Monday, January 8, 2018

Revision of a loose TM total shoulder

We had the opportunity to see a 59 year old woman with a complex surgical history of 5 or 6 operations, initially starting with a labral repair in the early 2000's. She had a total shoulder done in 2010, which was revised for stiffness and pain in 2013. In July 2017 she presented to us for the first time, reporting progressive decline in function and an increase amount of pain. She noted significant chronic swelling in her upper arm. She had nocturnal pain and pain with activity.

Her  presenting x-rays are shown below suggesting loose TM humeral and glenoid components with glenoid malposition and humeral subsidence.



Our surgical revision included removal of the loose components, smoothing without grafting of her residual glenoid and impaction allografting of a humeral component. Intraoperative cultures were obtained and she was kept on oral antibiotics for 3 weeks at which time the cultures were finalized as negative.

At her six week post op visit she reported that her shoulder was more comfortable than it had been in years.

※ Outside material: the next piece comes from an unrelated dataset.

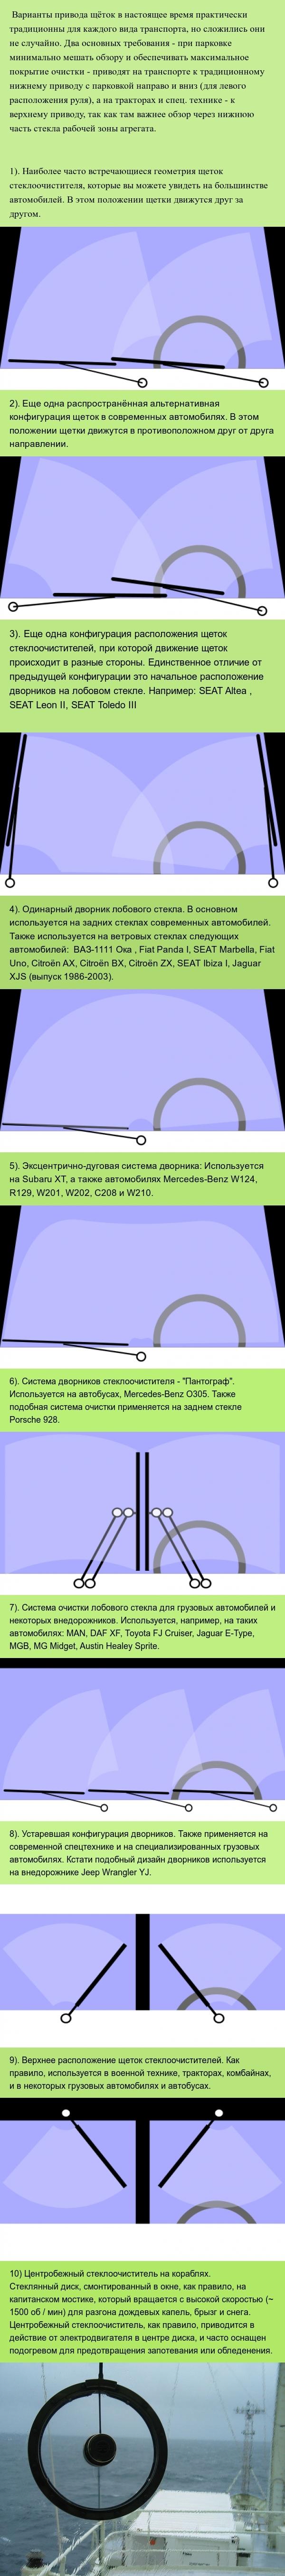 Схемы расположения и движения стеклочистителей Автомобильные дворники, Авто, Длиннопост

She demonstrated excellent assisted motion and was started on strengthening exercises.

Her postoperative films show restoration of the humeral component at the proper height and excellent seating of the humeral prosthesis in the bony glenoid,

While her long term outcome is still forthcoming, this case does demonstrate the conservative approach to revision of a failed total shoulder that we have found to be safe and effective.